Au cours des dernières années, plusieurs travaux ont été entrepris, pour mieux estimer et optimiser la consommation d’eau douce dans les exploitations laitières.

Vaches buvant à la rivière

La filière laitière est engagée de longue date dans l’agriculture durable. Dans ce contexte, la consommation d’eau douce est un enjeu fondamental, tant pour les éleveurs et leurs troupeaux que pour l’environnement. Gros plan sur l’ « empreinte eau » des produits laitiers.
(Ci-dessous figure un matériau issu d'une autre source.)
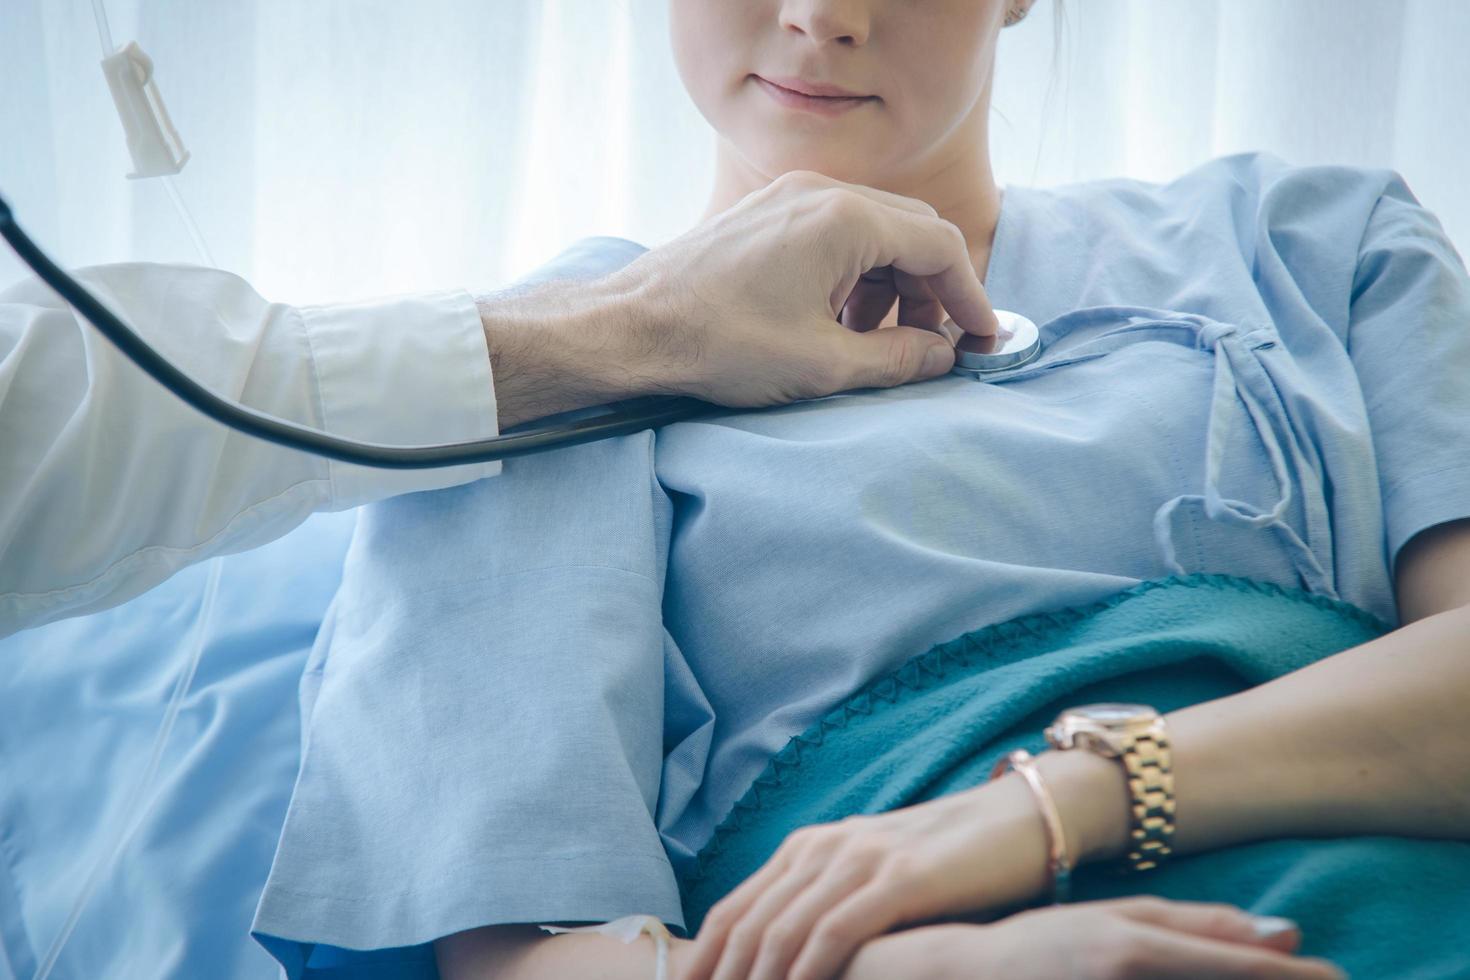 médecin écoutant le cœur du patient photo
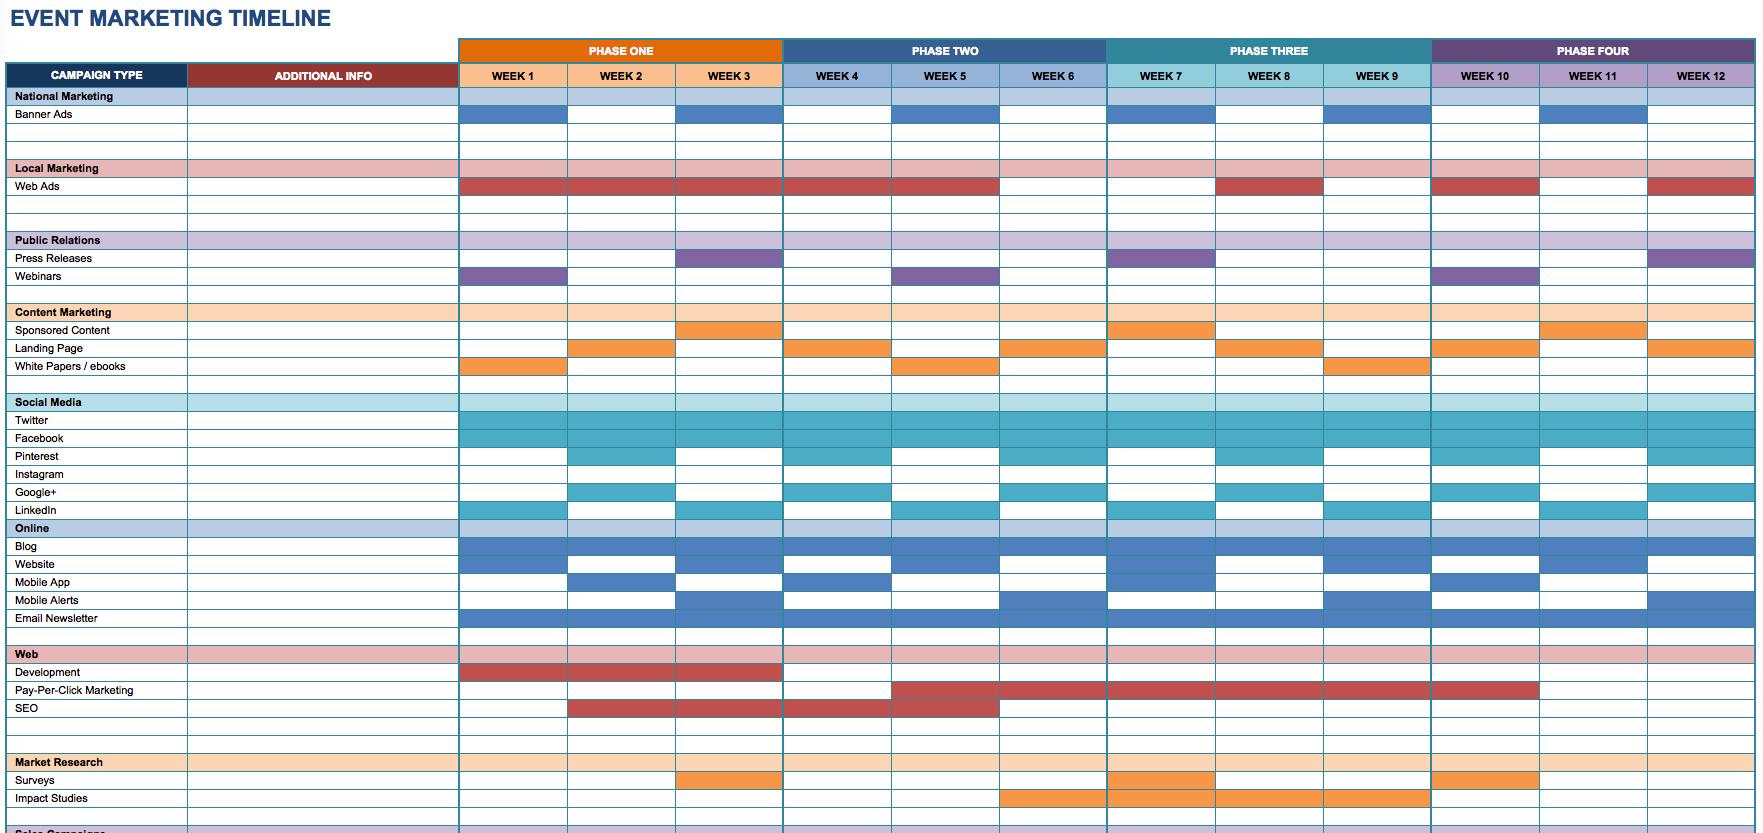 Image Excel Marketing Marketing Plan Temlate Timeline

Qu’est-ce que l’ « empreinte eau » ?

L’ « empreinte eau » désigne la quantité d’eau douce nécessaire pour produire un bien ou un service. Dans le contexte de l’élevage laitier, il s’agit du volume d’eau utilisé pour produire 1 litre de lait.

Cette définition paraît simple mais elle masque une réalité complexe. Pendant plusieurs années, des méthodes de calcul très disparates ont ainsi abouti à des résultats impossibles à comparer. C’est pourquoi le comité « environnement » de la Fédération Internationale du Lait (FIL) a travaillé, pendant plus d’un an, à la création d’un guide méthodologique pour calculer de manière cohérente et uniformisée l’empreinte eau des produits laitiers. L’objectif : identifier clairement les leviers à actionner pour r­éduire cette empreinte, tout en tenant compte des spécificités de l’élevage laitier et de la zone géographique concernée.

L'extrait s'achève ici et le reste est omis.